(Records from a collection)
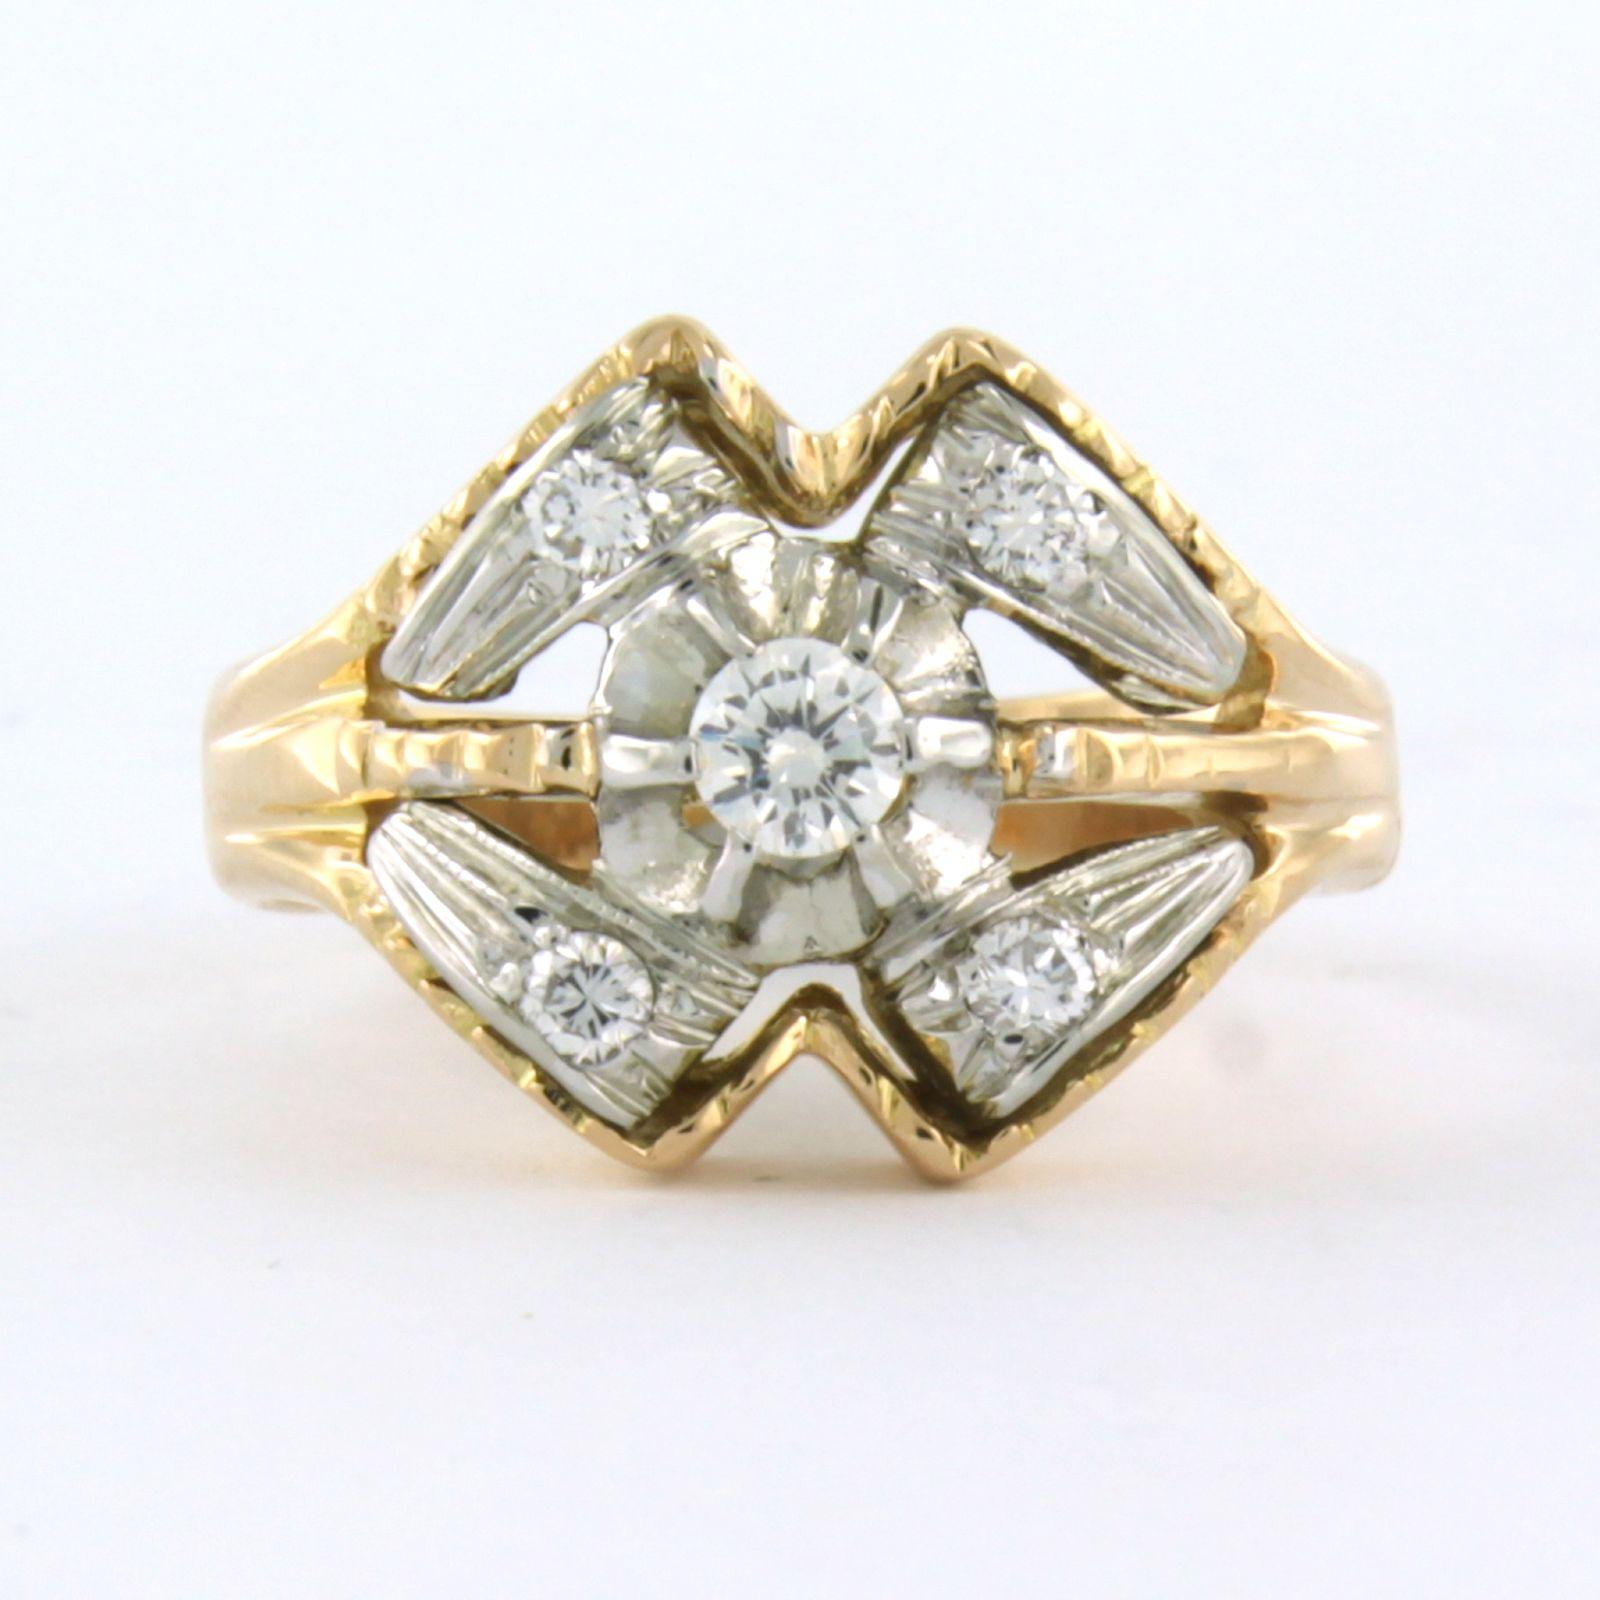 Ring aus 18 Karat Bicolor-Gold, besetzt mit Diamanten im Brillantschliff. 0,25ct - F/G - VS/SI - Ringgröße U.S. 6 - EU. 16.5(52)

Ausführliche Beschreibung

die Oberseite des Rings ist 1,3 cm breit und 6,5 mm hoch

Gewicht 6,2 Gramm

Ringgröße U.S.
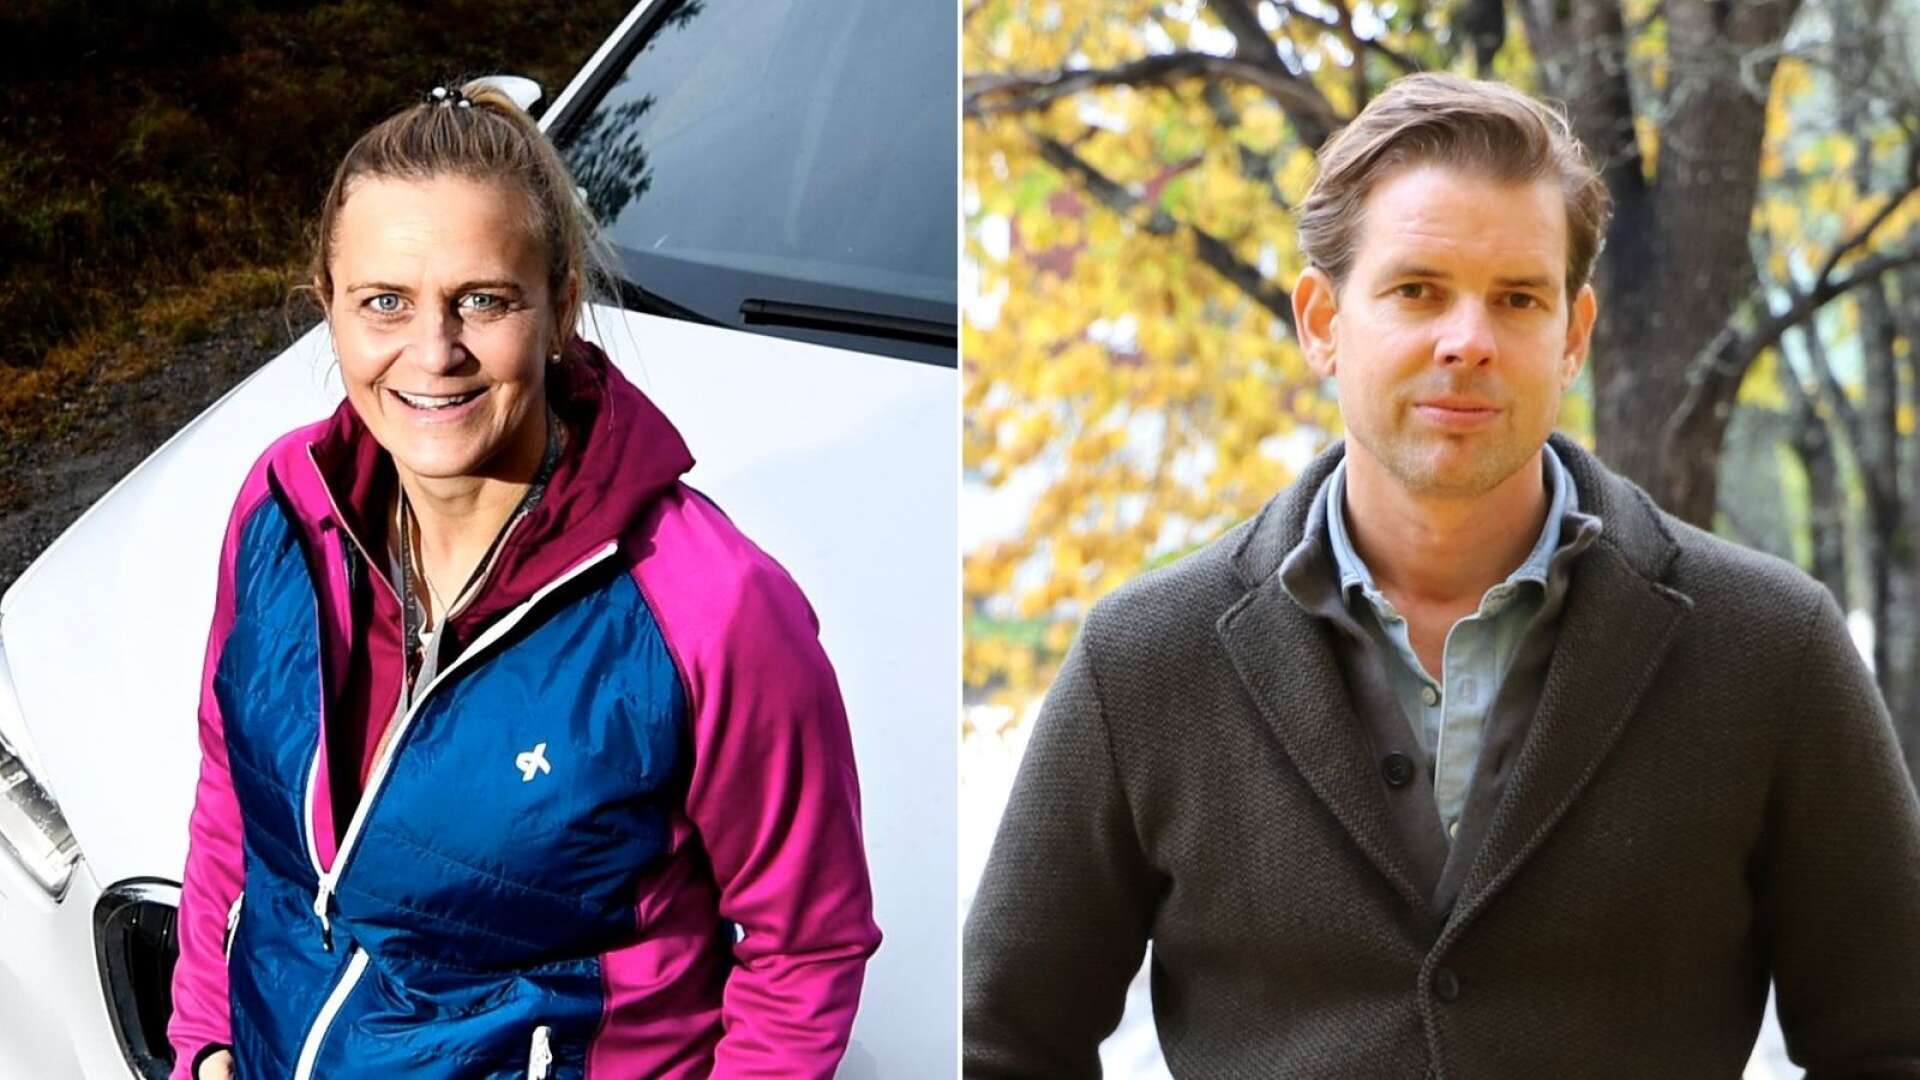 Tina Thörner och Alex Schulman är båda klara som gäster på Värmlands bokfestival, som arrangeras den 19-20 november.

## Exercise instructions
Make an exact copy of all entries above, dropping the images.

## Answer for the task
 Ring aus 18 Karat Bicolor-Gold, besetzt mit Diamanten im Brillantschliff. 0,25ct - F/G - VS/SI - Ringgröße U.S. 6 - EU. 16.5(52)

Ausführliche Beschreibung

die Oberseite des Rings ist 1,3 cm breit und 6,5 mm hoch

Gewicht 6,2 Gramm

Ringgröße U.S.
 Tina Thörner och Alex Schulman är båda klara som gäster på Värmlands bokfestival, som arrangeras den 19-20 november.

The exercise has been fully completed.